Some songs I listen to rarely because they take me back to certain (good) parts of my childhood and it's such a strong feeling I never want to lose it.

Others I can't listen to because they just hit me heavy on the chest, like the feelings I had back then when things were awful just come back.

And I have learned never to listen to my usually day to day stuff when I'm going through anything tough, otherwise it taints the music.

MarieVanGoethem · 18/06/2019 01:11

I can’t cope with Bridge Over Troubled Water because after dropping my mother at work one Friday morning we stopped the tape just before getting home as it was about to play - so she’d hear it first thing Monday. Monday never came for her, she died that weekend. It was the song that was played when her coffin was lowered at the crematorium, too, though I wasn’t there to see it - my siblings & I went to her funeral Mass & were then taken to the home of some family friends. Where I sat in the playhouse & was made to feel guilty-ungrateful for declining the doughnut that had been bought for me. Morning Has Broken leaves me absolutely broken for similar reasons - I walked into the church behind my mother’s coffin to it (it was her favourite hymn); clutching my father’s hand, my little sister doing the same on his other side. And everyone staring, then the soft rippling of pity being articulated spreading through the church. I have an absolute dread of encountering it during Mass, or even worse, at a wedding. When I was in my early/mid-twenties it was played during one Mass & I had to leave the church because I was having an actual flashback.

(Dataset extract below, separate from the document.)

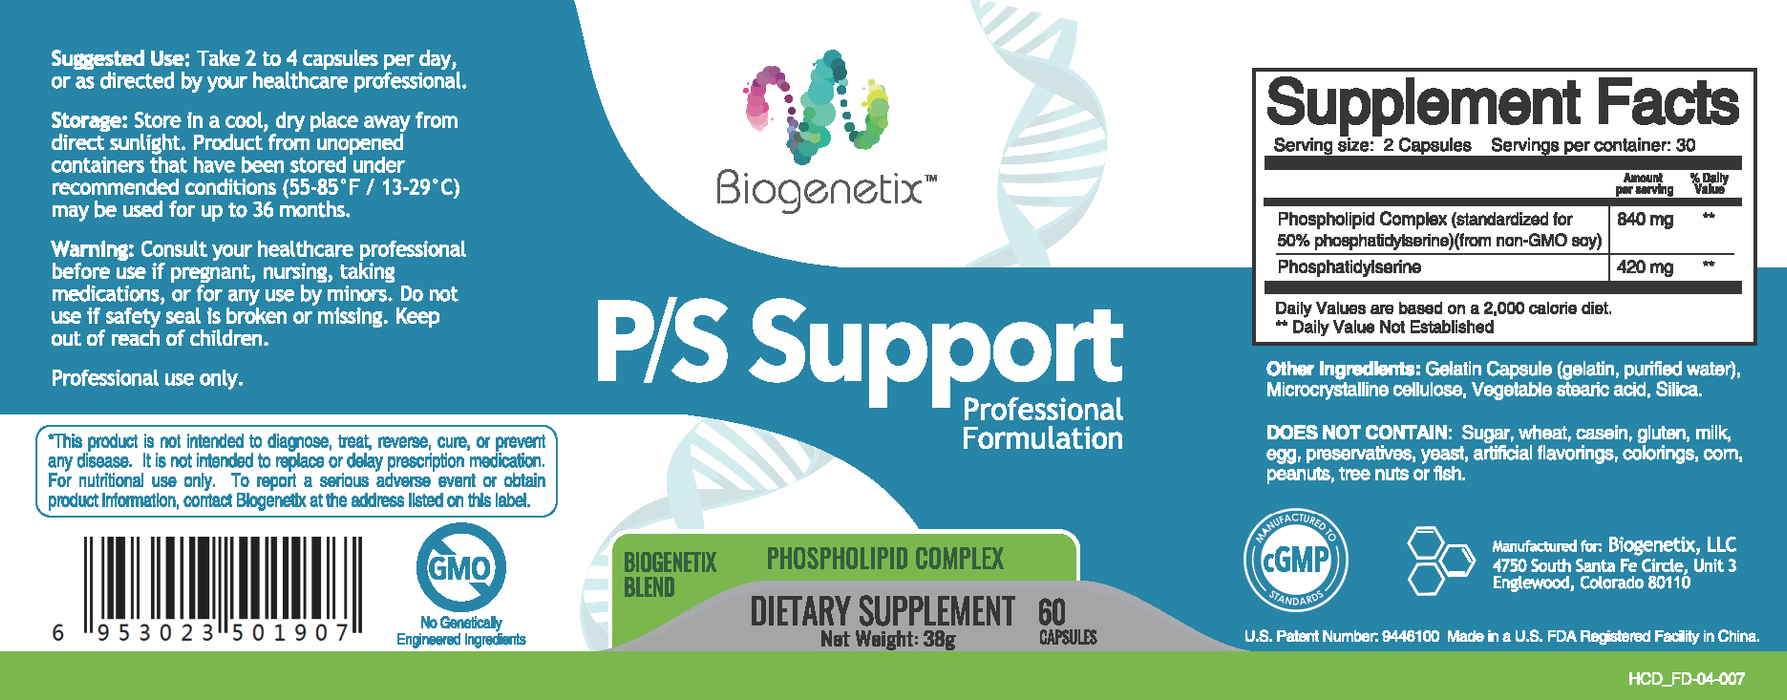 Biogenetix P/S Support 60 caps

We know music definitely keys in to some important bits of the brain simply because of the positive outcomes that have been observed with regard to music & people with dementia. Am fairly sure people have looked at which bits of the brain light up on MRIs when people are listening to (various sorts of) music, too. Simply because that seems like A Thing Researchers Would Totally Do. Because neuroSCIENCE!!!

When I was about 4 or so my father took my brother & me to the Museum of the Moving Image still mourn its loss but that’s irrelevant here & before we went round, he sent me into the ladies’ loos. Alone. I’d never seen “Jaws” & I’d certainly not seen “Psycho”, but the famous music from both those films was, God alone knows why, played in those loos. Worse still, it wasn’t playing as I entered. It started as I was in a cubicle. Now the Jaws music very clearly tells you there is a big feck-off monster coming to eat you. And the Psycho strings? Definitely nightmare monster time. And the door to the toilets was too heavy for me to manage easily but luckily a couple of women wanted to come in & thus aided my escape. Think they were probably a bit startled by a tiny blur sprinting past with a wail of “daddy, there are monsters in the toilets!” I’m still not good with music in films that’s designed to heighten suspense or be “creepy”. Though I quite like the Danse Macabre Hmm

Music can be a bit like a 0-cal Proustian madeleine in lots of ways. As indeed can smells...

Oh & as a PP noted, there’s always the possibility The Devil’s Chord is getting to you, depending on what you’re listening to.